The second half of the Éléments focuses on the theory of transfer. Transfer is the component of Tesnière's theory that addresses syntactic categories. Tesnière was interested in keeping the number of principle syntactic categories to a minimum. He acknowledged just four basic categories of content words: nouns, verbs, adjectives, and adverbs. The abbreviations he used for these words match the last letter of the corresponding Esperanto designations. In addition to these four basic content words, he also posited two types of function words, indices and translatives. He took articles and clitic pronouns to be indices, and typical translatives were subordinators and prepositions. The main task translatives perform is to transfer content words from one category to another. For instance, prepositions typically transfer nouns to adjectives or adverbs, and subordinators typically transfer verbs to nouns. For example, in the phrase le livre de Pierre 'the book of Peter, Peter's book', the preposition de serves to transfer the noun Pierre to an adjective that can modify the noun livre. In other words, the noun Pierre, although it is technically not an adjective, comes to function like an adjective by the addition of the translative de. Transfer is represented in stemmas using a special convention. The following stemmas represent the phrase de Pierre 'of Peter' and the sentence Écrivez dans le livre de votre ami 'Write in the book of your friend':
The translative and the word that it transfers are placed equi-level and a vertical dividing line separates them. The target category, i.e. the category that is the result of transfer, is indicated above the horizontal line. In the first stemma above, the A indicates that Pierre has been transferred to an adjective. The stemma below shows two instances of transfer, whereby the first indicates that dans livre de votre ami is transferred to an adverb, and the second that de votre ami is transferred to an adjective.

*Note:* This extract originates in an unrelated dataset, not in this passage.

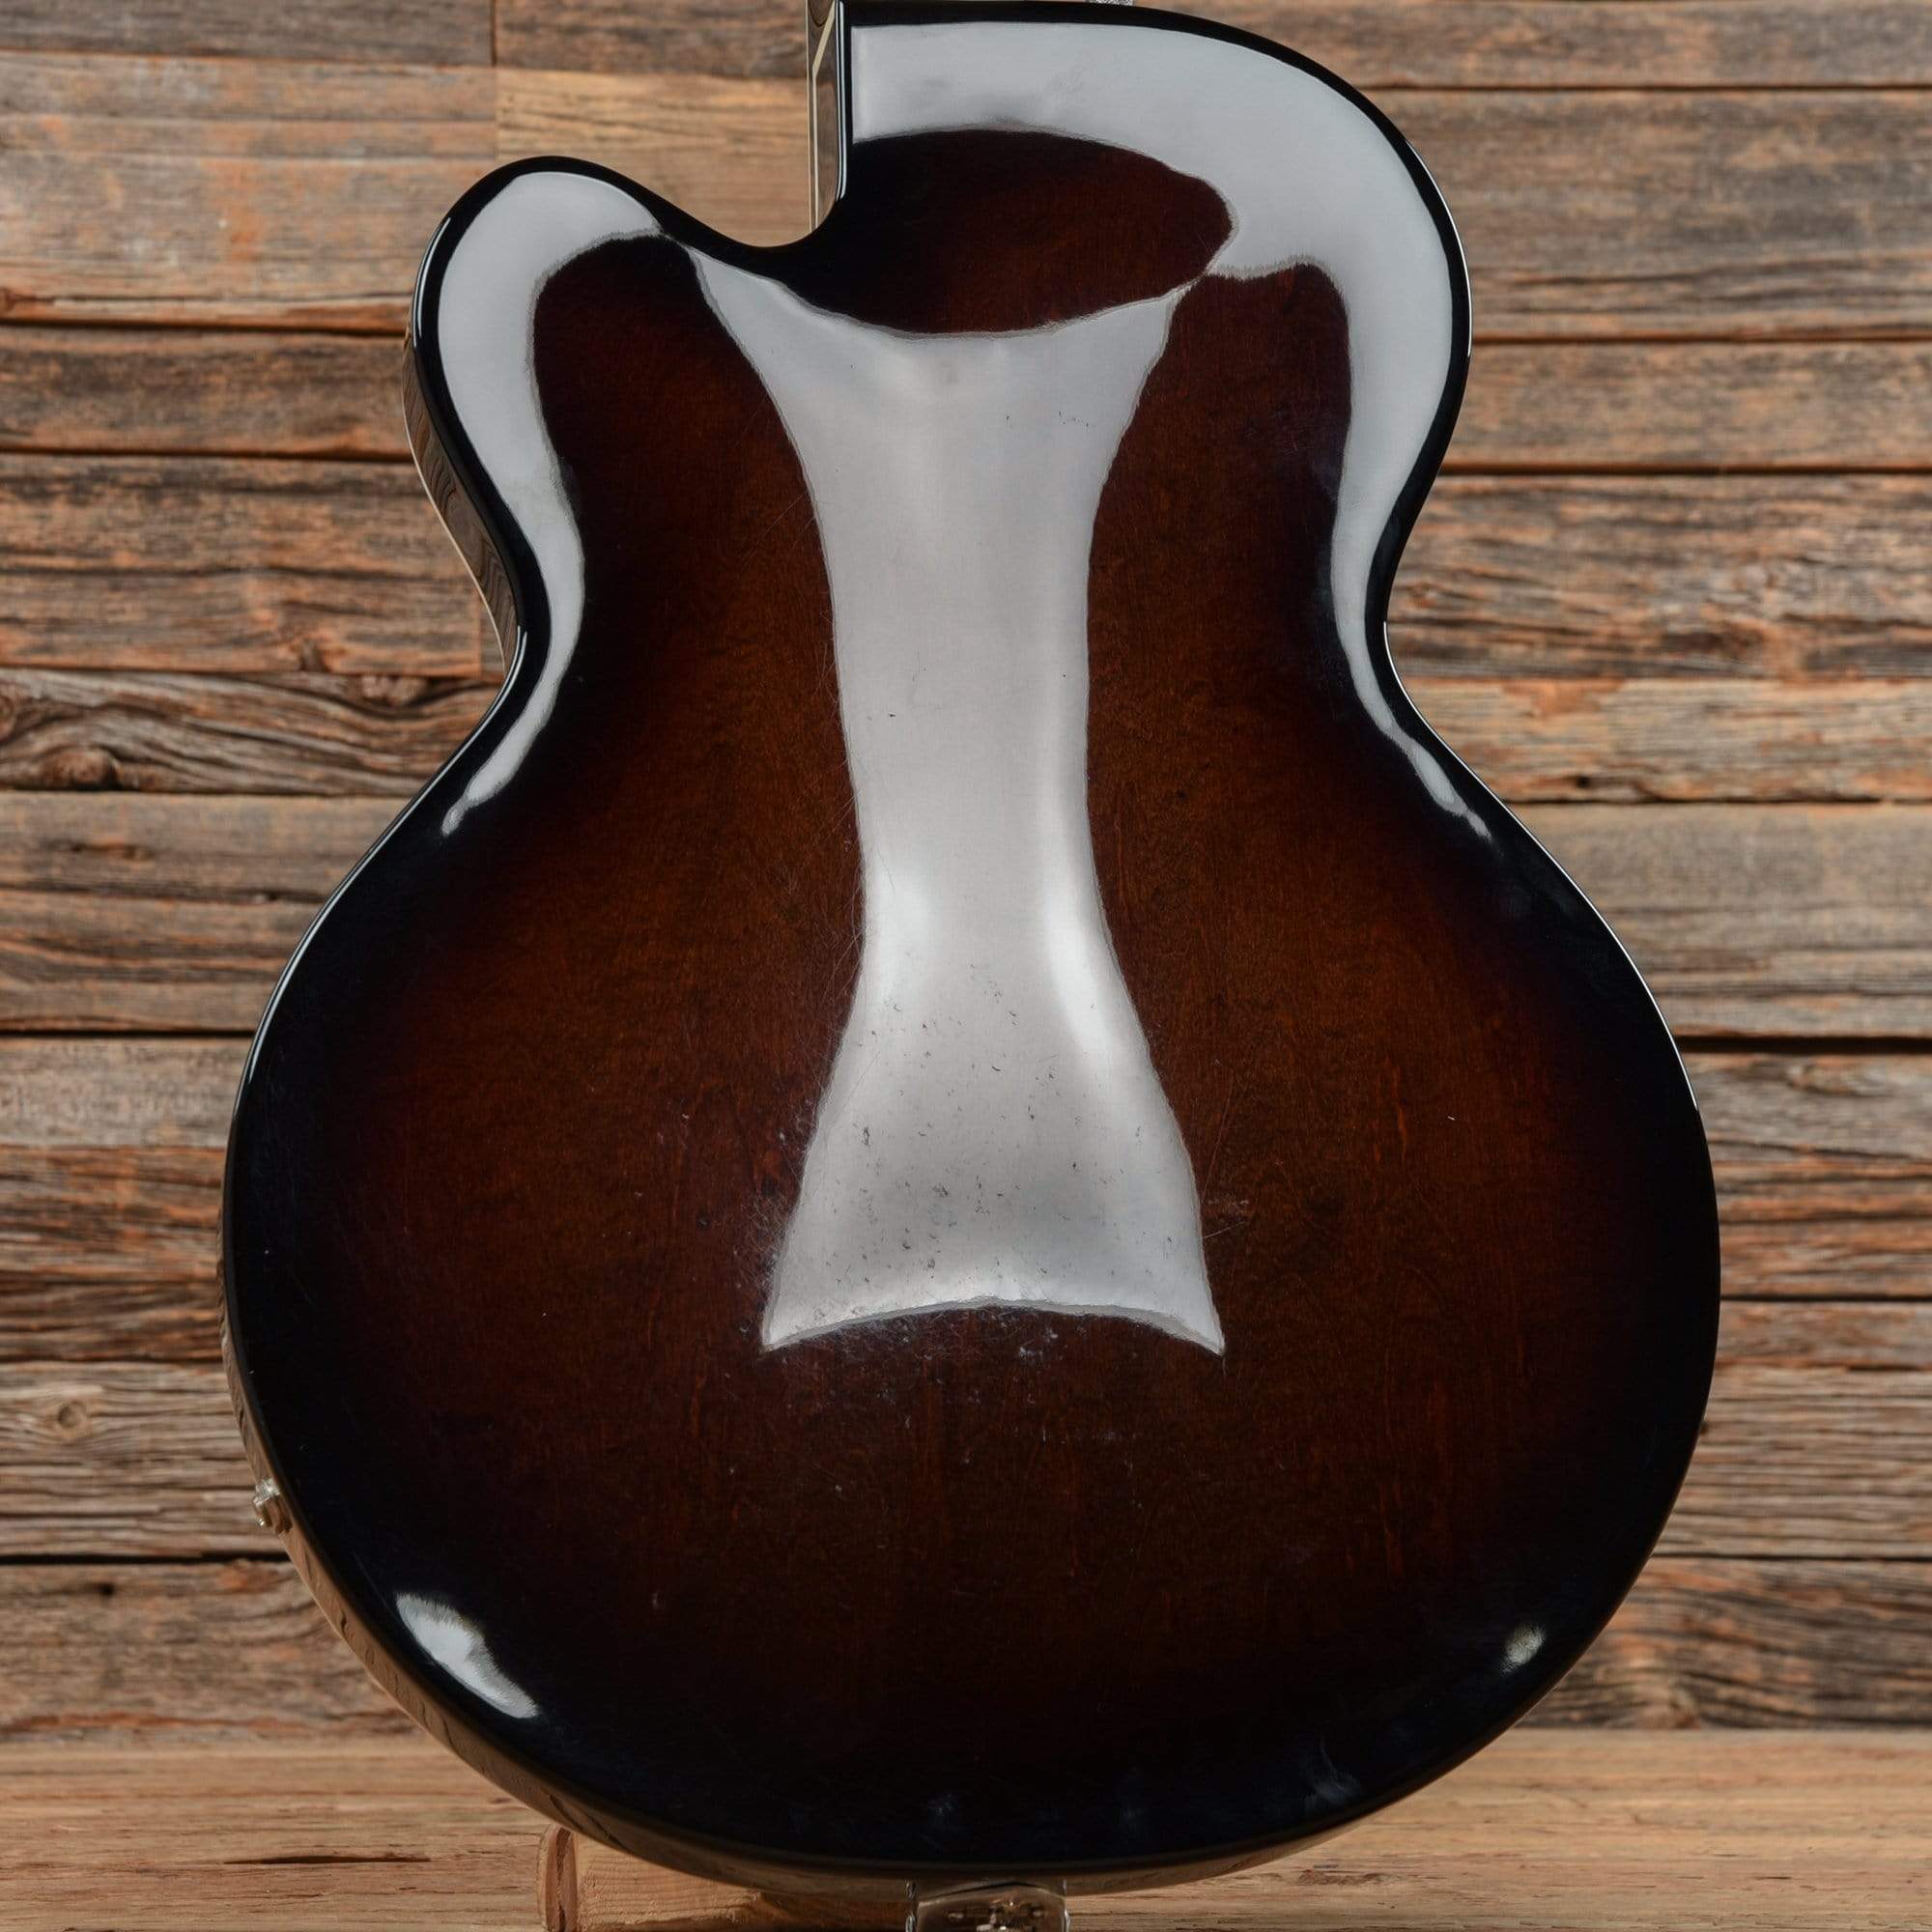 Gretsch G6119-1962 Chet Atkins Tennessee Rose Burgundy 2006 Electric Guitars / Hollow Body

For Tesnière, the ability to transfer one category to another at will in fluid speech is the primary tool that makes truly productive speech possible. Syntactic categories that alone are not capable of combining with each other can be immediately unified by a translative that effects transfer.

Legacy

Tesnière's legacy resides primarily with the widespread view that sees his Éléments as the starting point and impetus for the development of dependency grammar. Thus the frameworks of syntax and grammar that are dependency-based generally cite Tesnière as the father of modern dependency grammars. Tesnière himself did not set out to produce a dependency grammar, since the distinction between dependency- and constituency-based grammars was not known to linguistics while Tesnière was alive. The distinction first became established during the reception of Tesnière's ideas.
Tesnière's legacy is not limited to the development of dependency grammar, however. As stated above, a number of the key concepts that he developed are cornerstones of most modern work in the field of syntax. Tesnière does not receive the full credit that he perhaps deserves for his contribution to the field of syntax. Tesnière died shortly before the initiation of generative grammar, and his Éléments remained untranslated to English until 2015. Thus his influence has been greater in Europe than in English-speaking North America.